## [DATA BLOCK]
# # #

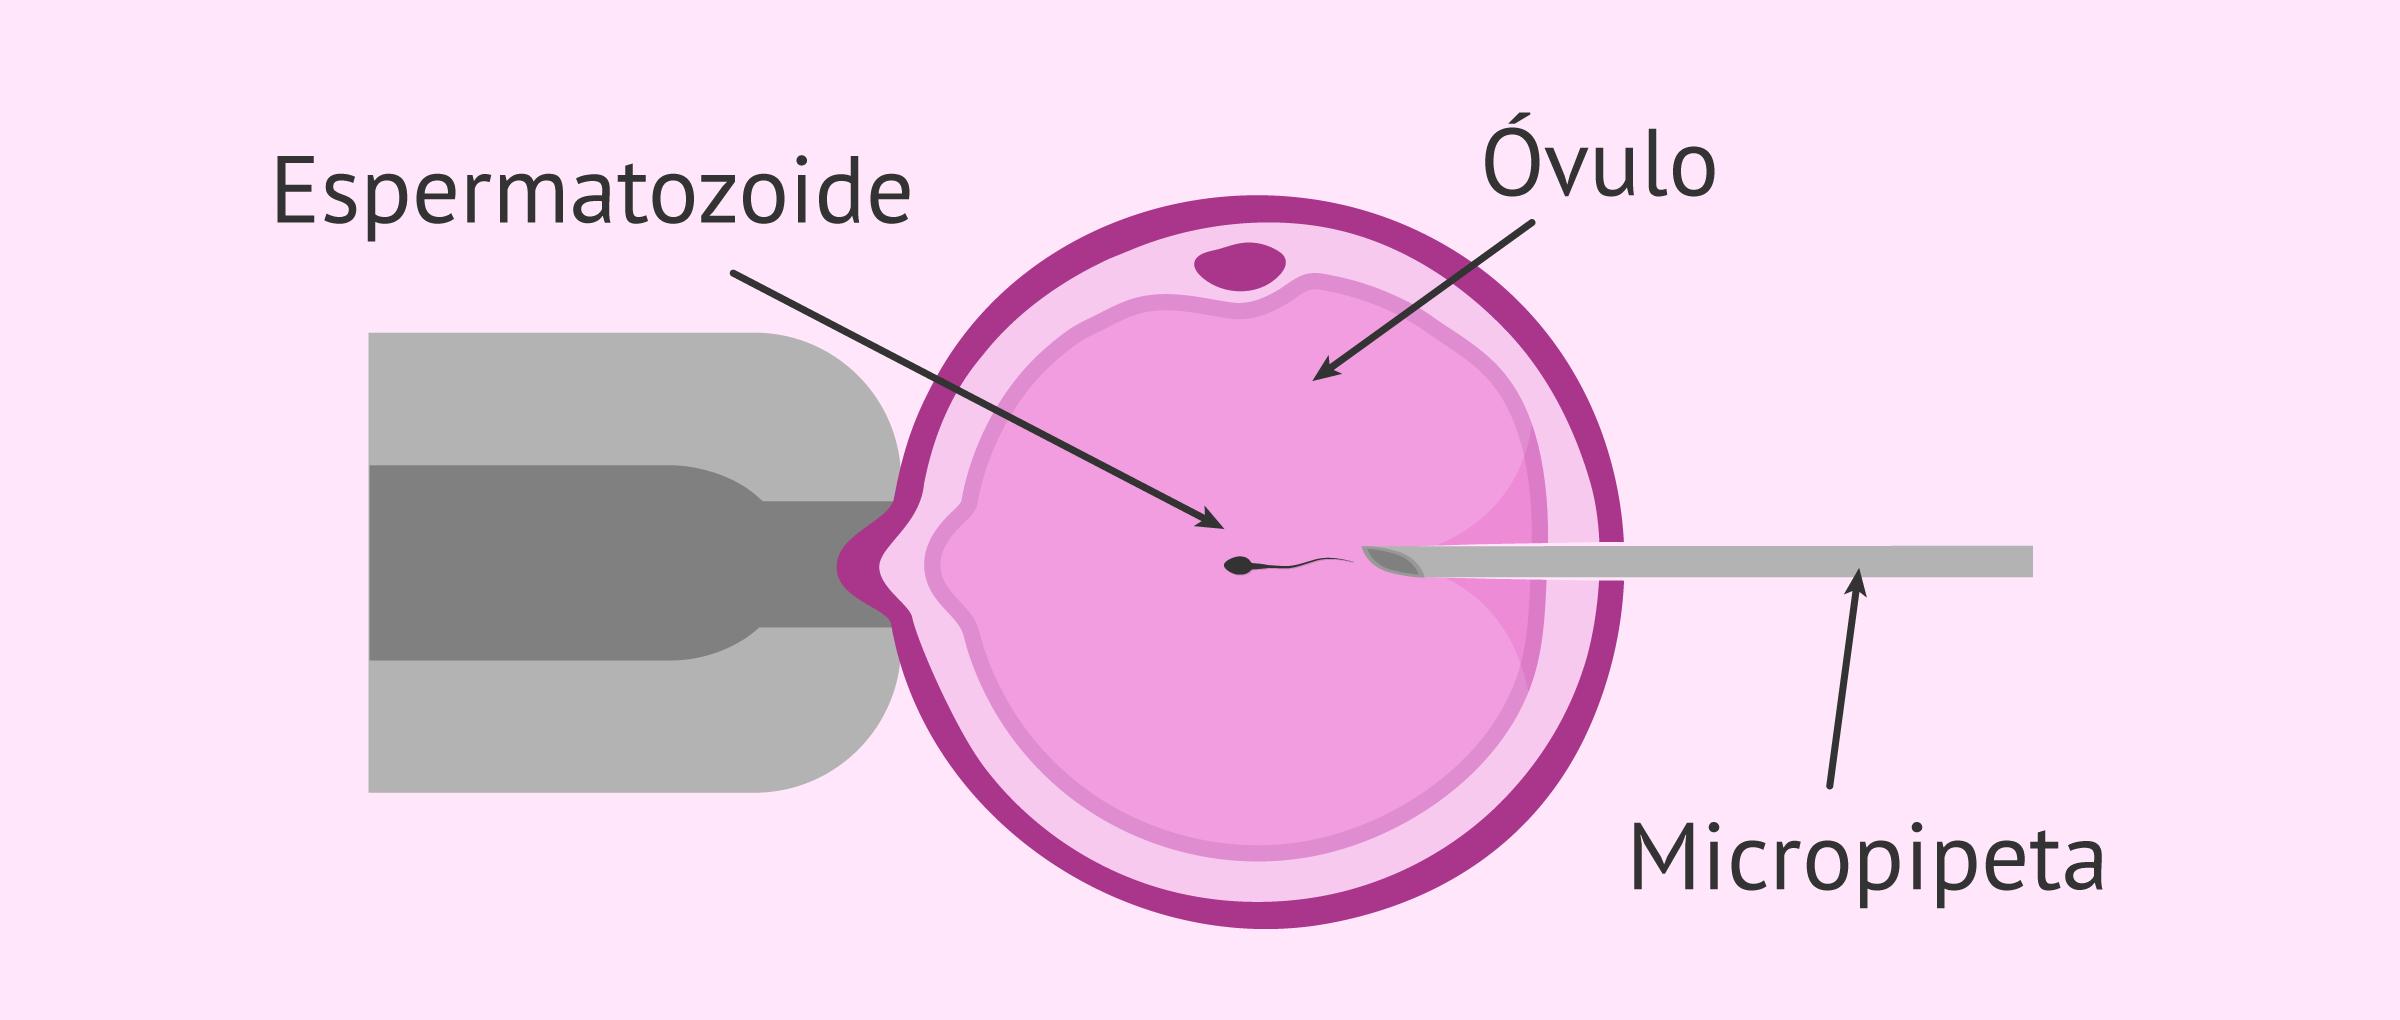 Inyección intracitoplásmica de espermatozoides (ICSI)
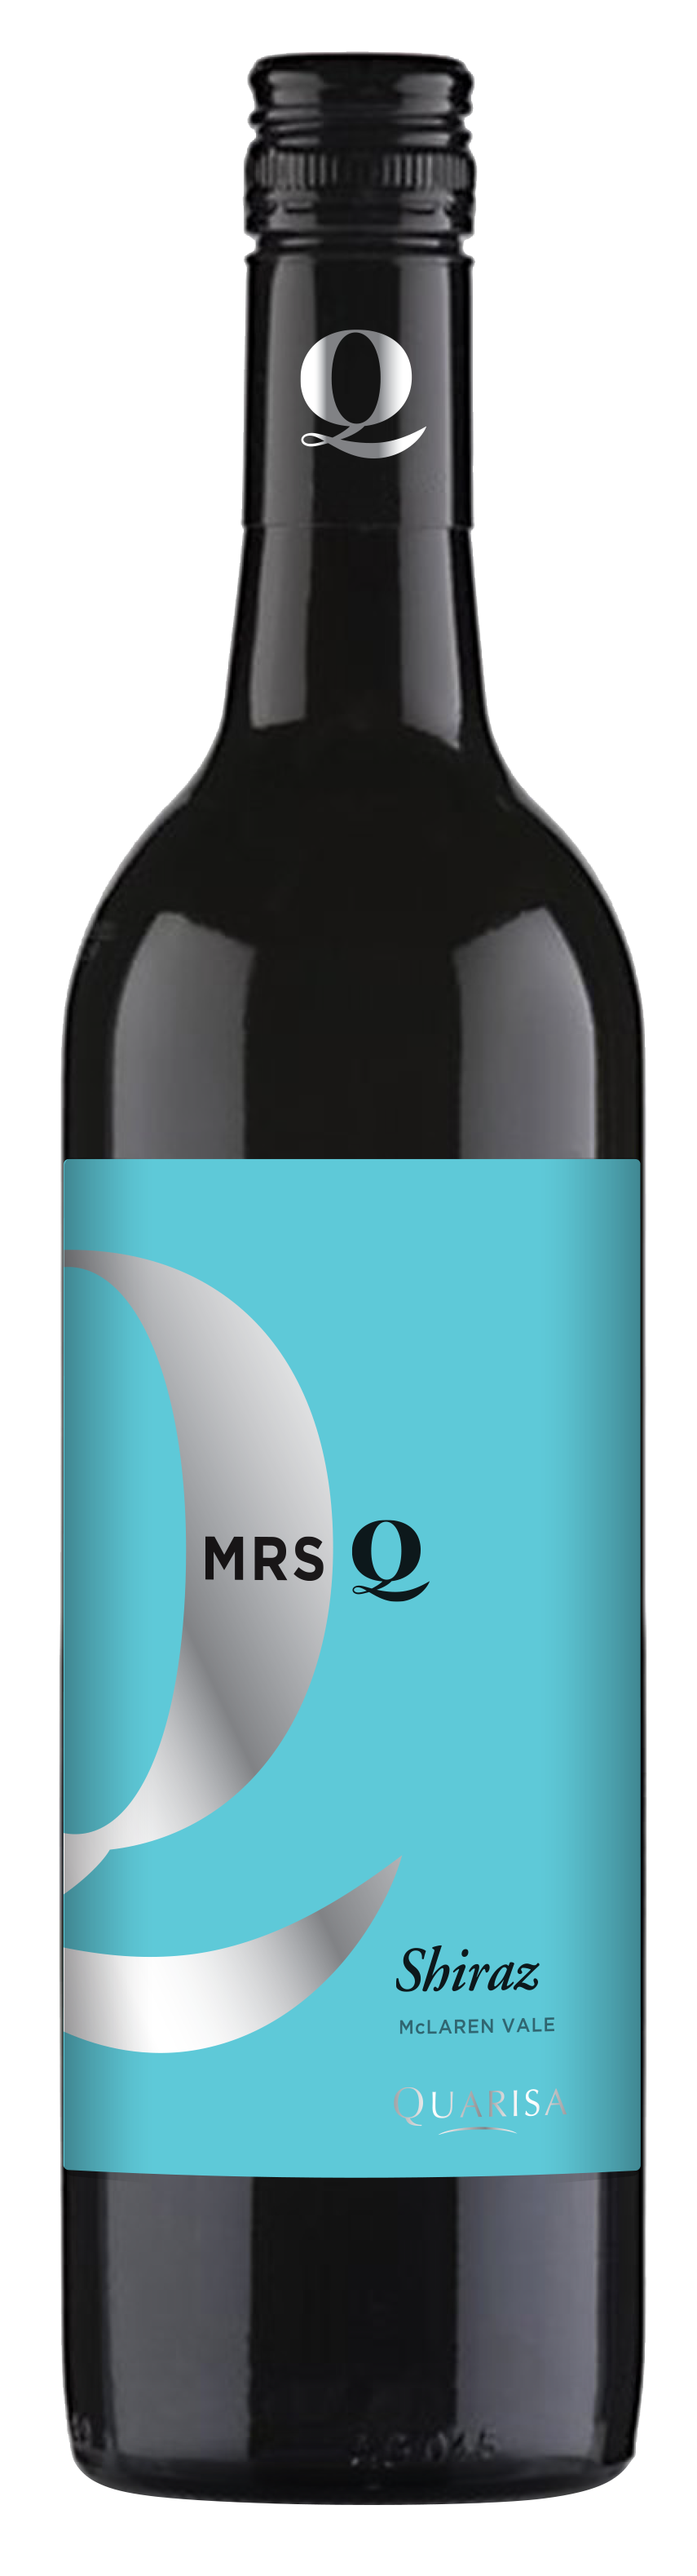 Mrs Q Shiraz Mclaren Vale 750ml
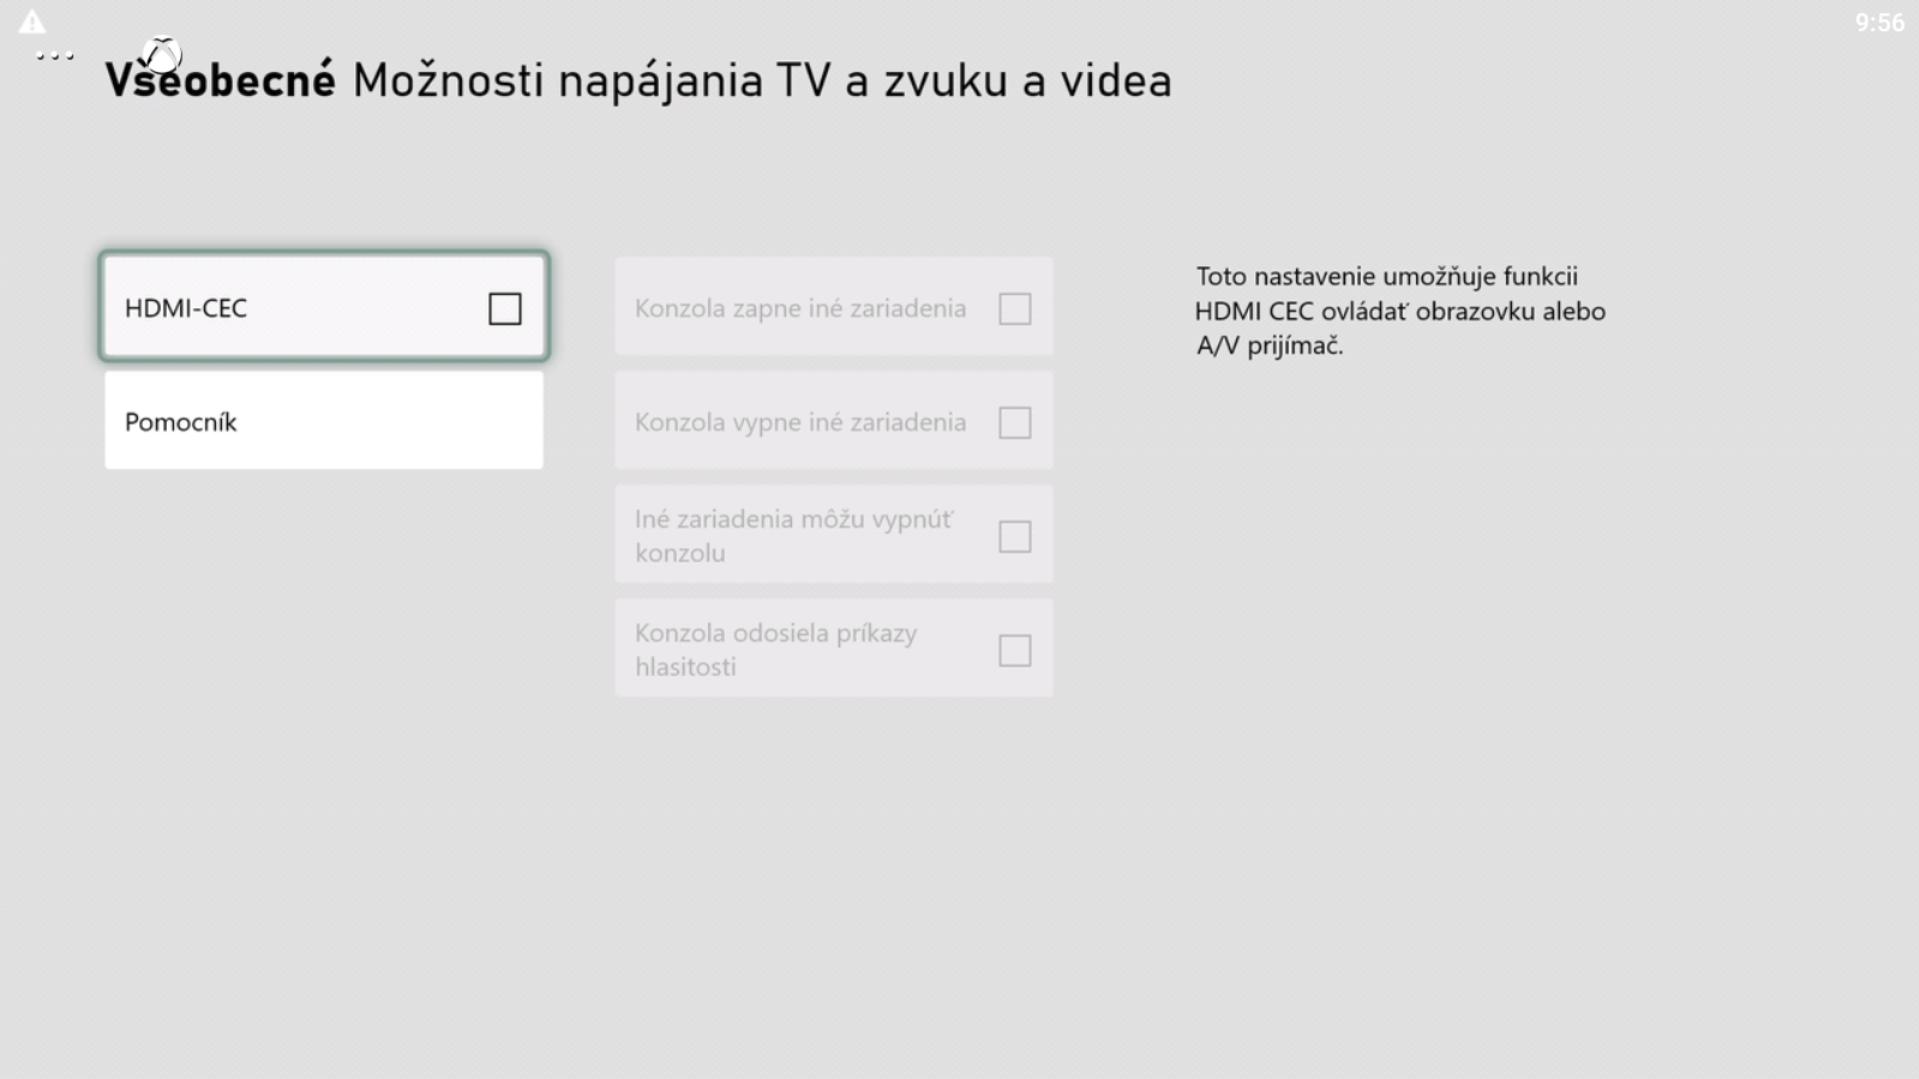 """Prejdi do sekcie """"Režim napájania a spustenie"""" a potom vyber """"Možnosti napájania TV a zvuku a videa""""."""

# # #

## [ABOUT THIS EXERCISE]
Retype the listing exactly. Leave out its pictures.

## [TASK OUTPUT]
 Inyección intracitoplásmica de espermatozoides (ICSI)
 Mrs Q Shiraz Mclaren Vale 750ml
 """Prejdi do sekcie """"Režim napájania a spustenie"""" a potom vyber """"Možnosti napájania TV a zvuku a videa""""."""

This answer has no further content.